В чём же причина оному? В том, что иссякли времена, и с дьявола пали оковы, наложенные на тыщу лет архангелом Михаилом. Освобождённый дьявол учуял, где ему кровавая пожива, — на Руси! — и сунул сюда хобот свой — Никона. И рухнула Святая Русь. Царство лишилось святости, а церковь — благодати. Взреял над Русью, как коршун, латинский крыж вместо креста. Троеперстие утвердило лжетроицу — змия, зверя и лжепророка. Новый канон в истине Господа сомнение посеял. Амвон от евангельского четверокнижия переделали на пяти-столпный — в честь папы и его патриархов. Белый клобук сменили на рогатую колпашную камилавку — так сподручнее сатане поклоны бить. Коленопреклонение и метания запретили — гордыня не дозволяет. Крестный ход посолонь навыворот водить повелели. Сугубую аллилуйю, провозглашённую самой Богородицей, заменили на трегубую. Да мало ли чего ещё!.. И со смрадной земли отступать уже некуда. Только в рай. А туда дорога не торная, и пройти по ней непросто.

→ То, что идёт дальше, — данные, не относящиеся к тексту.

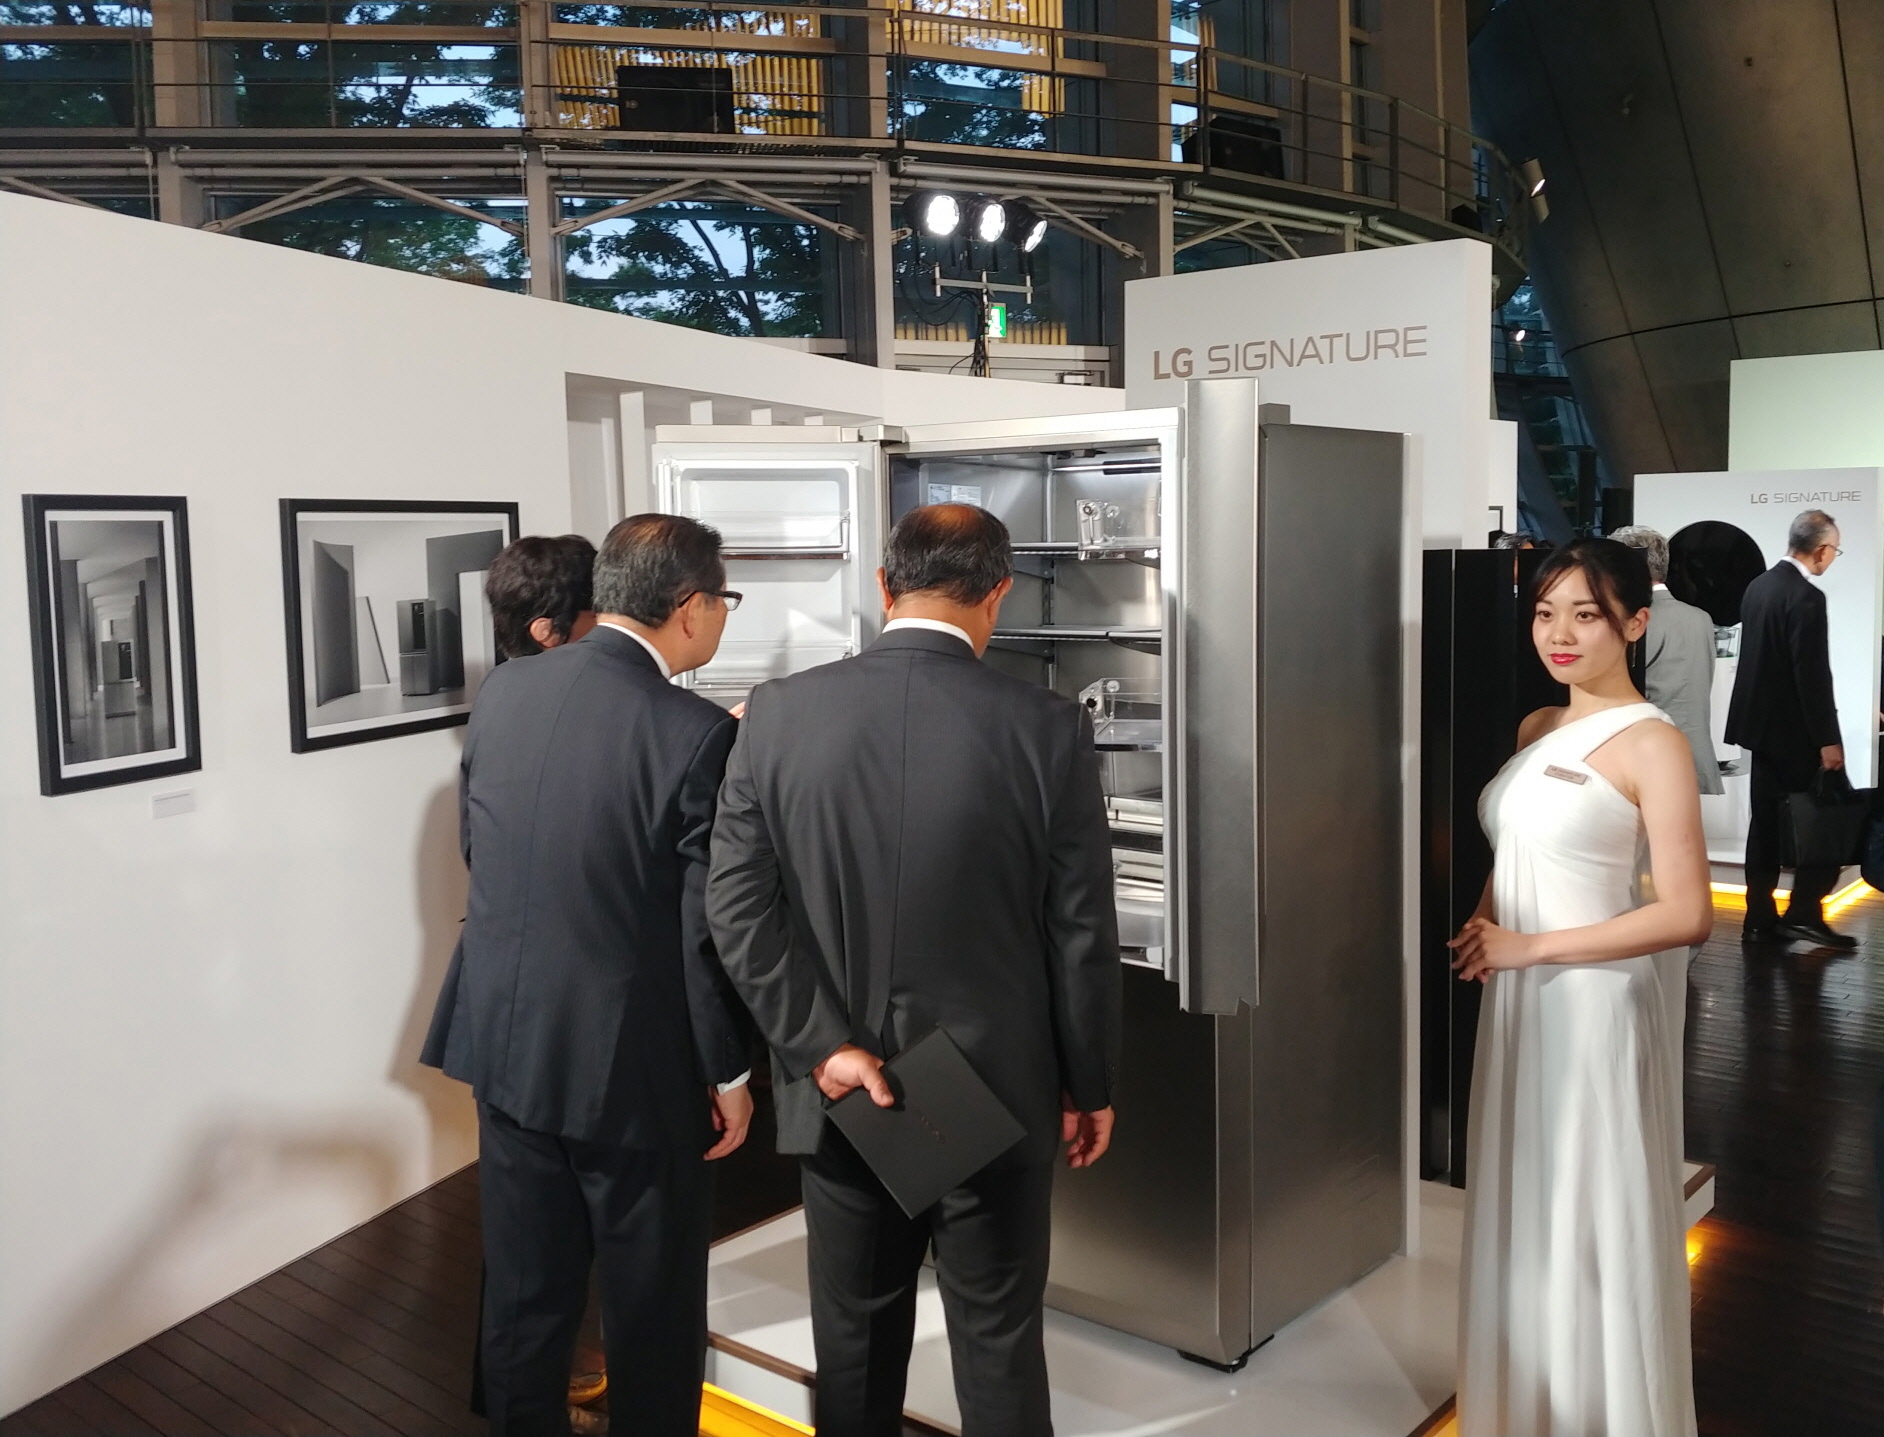 LG전자가 4일 일본 도쿄 국립신미술관에서 현지 거래선, 기자, 오피니언 리더 등 약 250 명을 초청해 ‘LG 시그니처’ 출시행사를 열었다. 참석자들이 초프리미엄 'LG 시그니처'를 살펴보고 있다.

— Ты о гари говоришь? — сразу спросил Авдония один из мужиков.
— Мы сюда гореть прибежали, — ответил Авдоний.
Он оглядел братьев. Никто ему не возразил. И Епифания не возразила. Но чилигинские мужики смотрели угрюмо, недоверчиво.
— У нас по Тоболу многие сожглись, — сказал мужик, которого звали Максимом Скобельцевым. — И топились, и в морильнях запирались. Степан Решетников себя и семью похоронил. Божий страх. Истинный ли это путь?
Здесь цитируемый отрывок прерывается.